心地よい夢がふっと終わりを告げ、途端、目の前を迷子のようにうろちょろと漂う光の存在に気づく。どうやらカーテンの外で穏やかな眩しさが朝を知らせてくれていたようで、そのどこか懐かしいぬくもりをいつまでも身にまとっていたい、と思いながら、僕は毛布を頭まで深く被り、縮こまった。気持ちの良い朝だ。こんなのは久しぶりかもしれない。

まどろんだ意識の中、僕は毎日毎朝、おとなしく学校へ行くか、それともこのまま二度目の眠りに落ちるか、かなり真剣に悩む。幸い思考を巡らせているうちにいつも正気に戻り、布団から飛び起きてせっせと朝支度をはじめるが、今回もその例に漏れず、いつの間にか目を覚ました僕の意識が朝を認識して、ゆっくりと活動を開始させていた。そっとまぶたを開け、そのまま緩やかに時計の針を見やると、なんと、目覚ましが何故か止まっている。そして、時計は平然と遅刻確定の時刻をさしていた。思わず毛布を蹴って飛び起きる。いつもならもうこの時間には家を出て駅へ向かっているのに。思考もままならない中、急ぎ足で洗面所へ向かおうとした。



「あれ? 」



ふいに出した間抜けな声が部屋に響き、壁に染み込む。突然、言い知れぬ違和感。この部屋に、時間に、僕に、全てに違和感。そして次の瞬間、急に目眩のような何かが襲いかかってきて、僕はその場にうずくまった。「デジャブ」というか、なんというか、いや、僕は一度だってその感覚を体験したことはなかったが、何の迷いも疑いもなくはっきりとこれこそが「デジャブ」なのだと自覚できるほど不可思議な何かを今、強烈に味わっている。

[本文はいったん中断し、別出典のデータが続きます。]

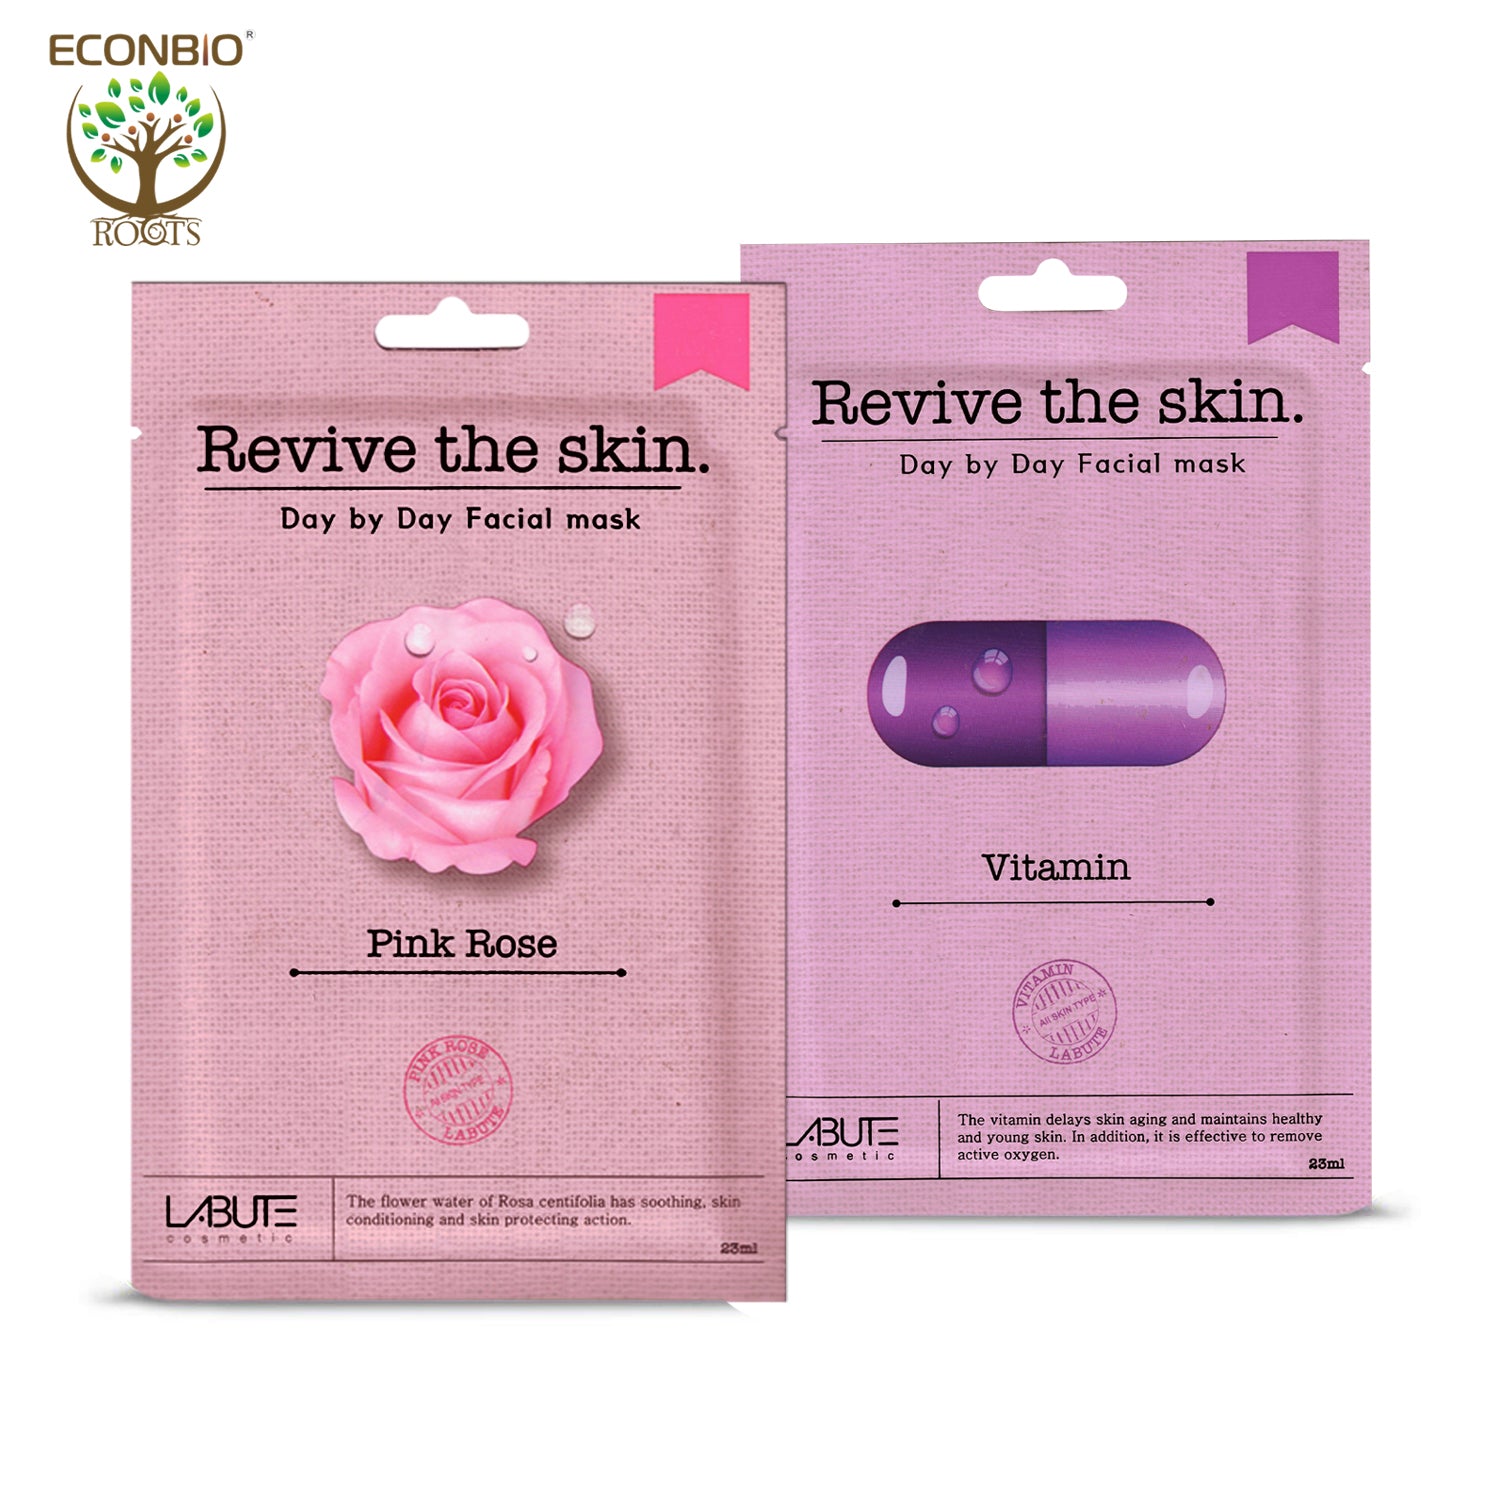 ECONBIO ROOTS Labute Pink Rose & Vitamin Facial Mask (Pack of 2)

そしてそれはふと、気まぐれに僕の頭の中へ降りかかった。そうだ、そういえば、



「僕って、死んだんじゃないのか? 」



脳みそが嫌な音を立てて回転する。あれは夢か? いや、確かに、確かにあの日、僕は朝起きて、駅へ急いで、線路へ飛び込んで、それで、



「死んだ、のに」



もう訳がわからなくなっていた。死んだはずが、死んでなくて、僕は、生きている? そんな滑稽な、勘弁してくれ。もしかしたら全部悪い夢なのだろうか。 実はこれも夢か。

僕は、轢かれた。轢死。れきし。それはそれは見事なマグロになって、ネットニュースの話題の種となり、小さな記事に事故車両と僕の名前が並ぶ。それを当たり前のように人々は受け流し、当たり前のこととして今日が息をする。しかし今僕は、当然といえば当然のごとく、きちんと正常な肉体をしていて、生々しい事故を物語るものも、勿論血の跡など、どこにもない。いつも通りの、僕の部屋で、いつも通りの、僕だ。

事態の恐ろしさに今すぐトイレに駆け込んで胃液から何から吐いてしまいたい衝動を抑え、僕は恐る恐る今日の日付を確認した。



6月23日



それは、あの特急列車に飛び込んだ時と同じ日付だった。

さっぱりわからない。あの日奇跡的に命からがら助かったのだろうか? それなら何故日付が戻っているんだ、おかしい……おかしい。

嫌な汗が全身からふきだしてくる。ただ僕はこの奇妙に茫然としていた。



その時。



ピロリロリン



「っ!?!? 」



僕は日付を確認するために手に持ったスマホが突然声をあげたことにとにかくびっくりして、思わず手から離した。それはもうすごい音でフローリングに激突していたが画面は割れていないようでホッとする。もし仮に、今ドッキリなんかされてみたらきっと僕は心不全であの世へ直行するだろう。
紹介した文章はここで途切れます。